Na missiva, apoiada por várias associações ambientalistas, a LPN recomendava não só uma solução justa para os trabalhadores daquelas unidades da Secil, mas também a definição de um plano de reabilitação das áreas esventradas para a extracção de minerais.
“A fábrica está a comer a serra, ela alimenta-se dela. E isto tem um impacto na Arrábida que é, de algum modo, irreversível”, lamenta Jorge Palmeirim, numa chamada telefónica com o Azul.
Contactada pelo Azul, a Secil refere, numa resposta enviada por Nuno Silva, director de comunicação institucional, que a empresa “está há cem anos na Arrábida, vai continuar a estar nas próximas décadas e esta inclusão na Reserva da Biosfera e o crescente aumento do turismo regional comprovam à saciedade que essa presença em nada diminui ou prejudica o nosso fantástico ecossistema, que sempre coexistiu com a actividade humana desse território”.
A Secil recorda ainda que “contribui activamente para o estudo e conservação da serra da Arrábida através do seu Plano Ambiental de Recuperação Paisagística, do vultuoso e prolongado apoio ao Programa Biomares do Parque Marinho Luiz Saldanha e da intensa relação que mantém com universidades, o próprio Parque Natural da Arrábida e com muitos outros stakeholders locais, designadamente associações ambientalistas”.
Presença portuguesa na China
O congresso na China reuniu cerca de quatro mil participantes, contando não só com a intervenção de investigadoras portuguesas nos painéis – as professoras Fernanda Rollo, da Universidade Nova de Lisboa, e Helena Freitas, da Universidade de Coimbra –, mas também com a presença de uma delegação portuguesa.
“Integradas numa rede global que atravessa fronteiras e culturas, as Reservas da Biosfera mostram que é possível restaurar ecossistemas degradados, promover economias sustentáveis e fortalecer comunidades que assumem a salvaguarda da biodiversidade”, afirma a investigadora Helena Freitas, coordenadora do Centro de Ecologia Funcional e da Cátedra UNESCO em Biodiversidade e Conservação para o Desenvolvimento Sustentável, citada num comunicado da Universidade de Coimbra.
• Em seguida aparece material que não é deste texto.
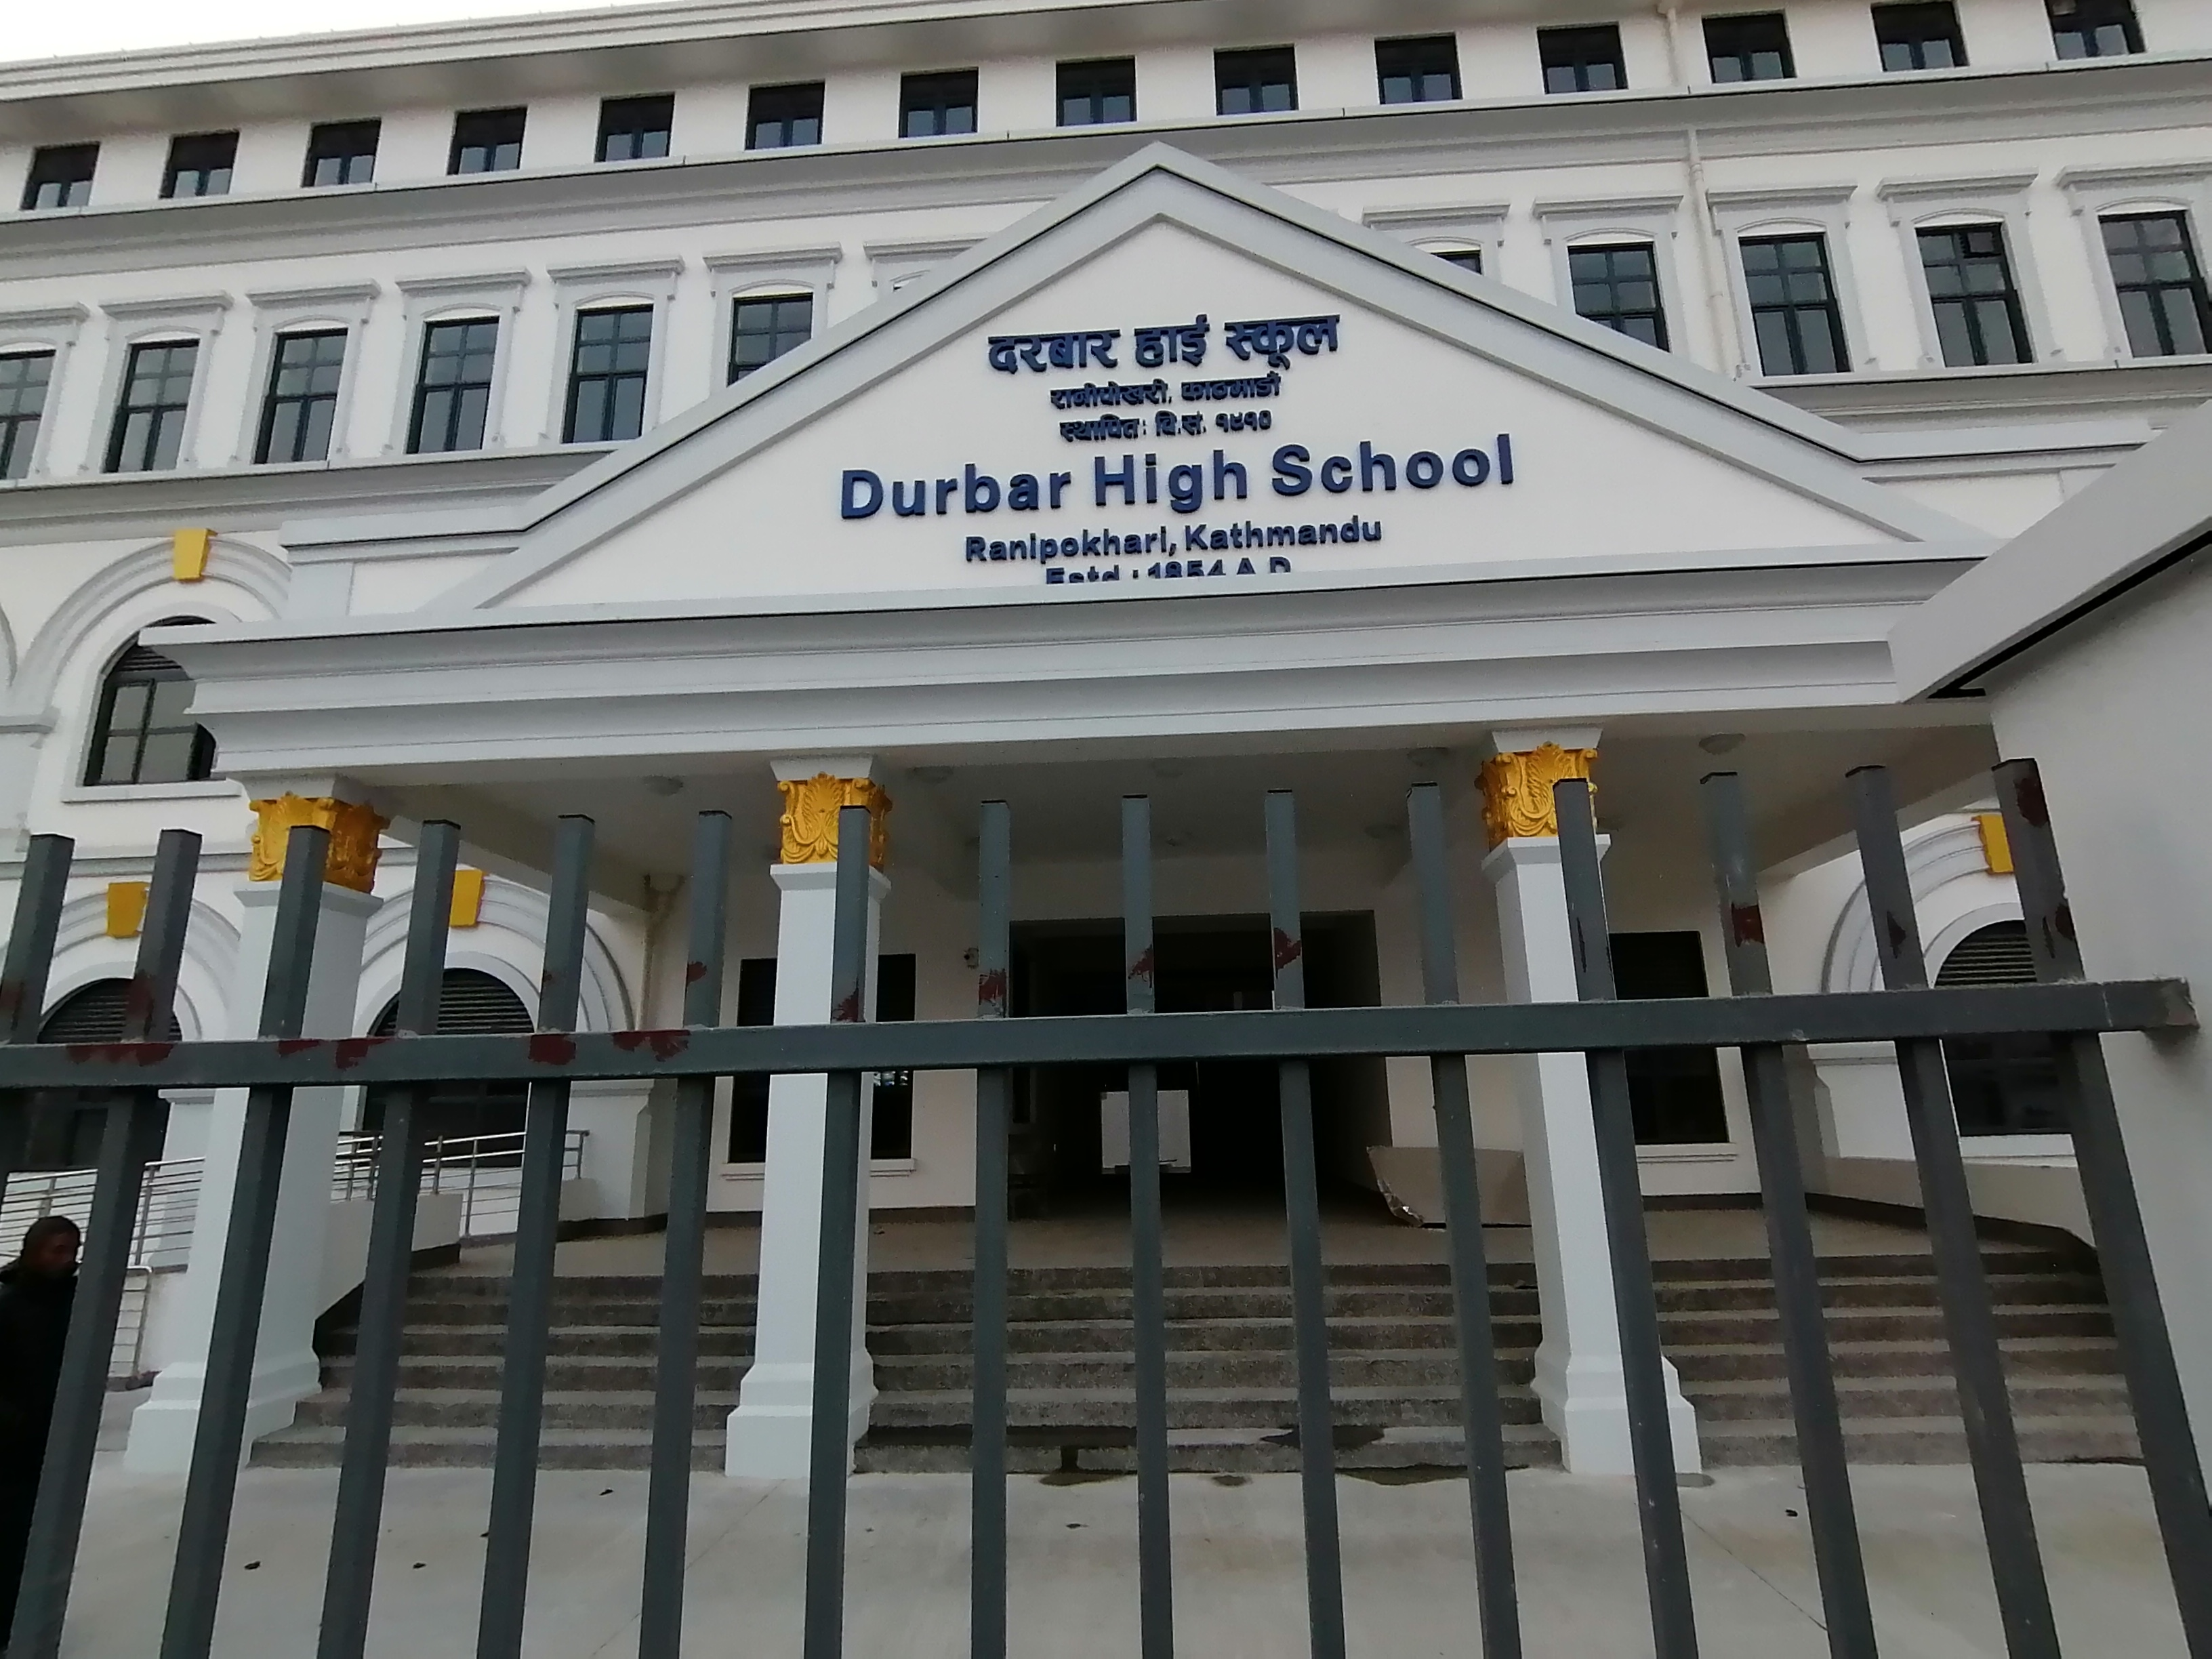 Durbar High School - Wikipedia

A comitiva nacional era composta pelo autarca de Palmela Álvaro Amaro, em representação da Comissão Executiva da Arrábida, pela secretária-geral da AMRS, Sofia Martins, e membros da Comissão Técnica da Arrábida, em representação dos municípios de Sesimbra e Setúbal e da AMRS, segundo uma nota de imprensa da associação.